The CD isn’t dead yet… Over 2006, digital channels delivered 6% of total music sales across Europe. Globally, digital sales doubled over the same period. By 2011, digital’s share of the European market is forecast to have grown to 36%. CDs aren’t going the way of the cassette just yet, and even the vinyl single showed resurgence in 2007, with sales jumping 13% in the first half of the year. …but its pallbearer is possibly in your pocket Of these digital sales, 37% were through mobile handsets. Music is a leading driver of mobile internet use among young Europeans, with MP3 playback already available on 36% of their phones and desired in a next handset by 65% of them. Then there’s ringtones, easily leading the paid mobile internet services used by younger consumers: 43% of European youth paid for ringtones during 2006. Of course, MP3 players are also in the pockets of one in five consumers, with 50% of downloaders citing these as the spur that got them started. Many of these will never have had CD collections to rip in the first place.
Free music will continue to drive digital forwards In the download market, 74% of 16 to 34-yearold Europeans say they’d like to see a service for downloading music that’s both legal and free. In the meantime, only one in ten of the 20% who regularly download have been prepared to pay for the privilege. Still price after death Free won’t be everything. Those lucrative ringtones, currently contributing 17% of digital music sales by value in the UK, aren’t likely to be given away free through blogs, and you won’t find them distributed commonly on your P2P network of choice. The convenience of handset delivery suggests they’ll still maintain a healthy share of digital music sales moving forwards. The iPhone couldn’t be better timed The iPhone and internet-enabled iPod Touch couldn’t be better timed. Alongside these, kicking back at Apple’s entry into the market through single-operator deals, both Nokia and Vodafone are trying to capture a share through very different approaches. Nokia offers a mobile download store through PCs and selected handsets, and Vodafone is offering subscription services.
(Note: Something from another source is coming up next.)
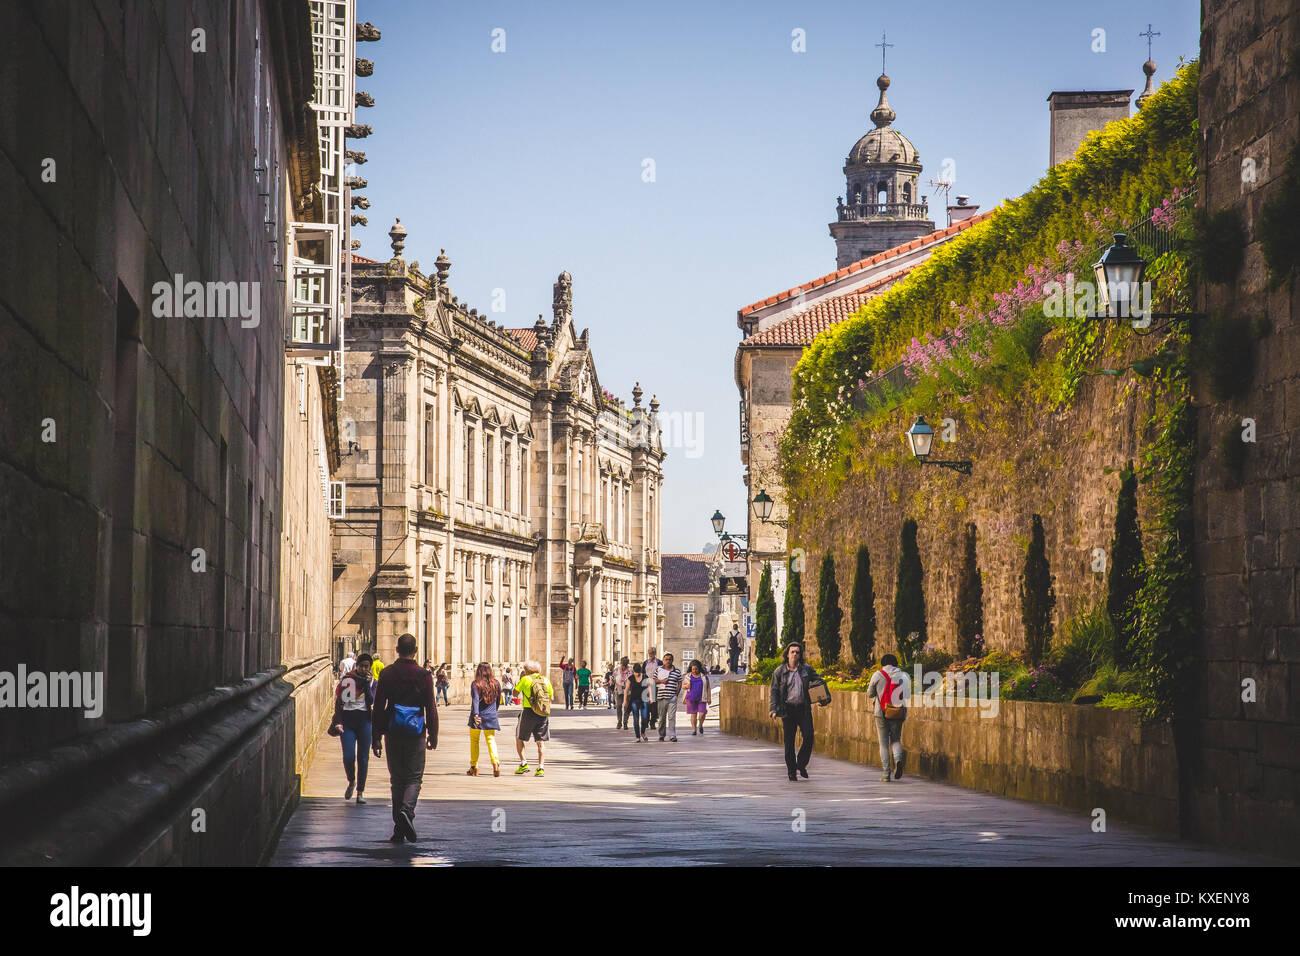 Monument and street of Santiago de Compostela. Spain - Stock Image

European digital music sales by format The Apple model of allowing single songs, disaggregated from the albums they come from, to be purchased individually is having a clear impact on the market for digital albums in the most developed European markets. Most notable are the figures for mobile, both as handset single downloads and as ringtones. Chart: Forrester Research
Sources: Forrester Research, IFPI, International Herald Tribune, BPI.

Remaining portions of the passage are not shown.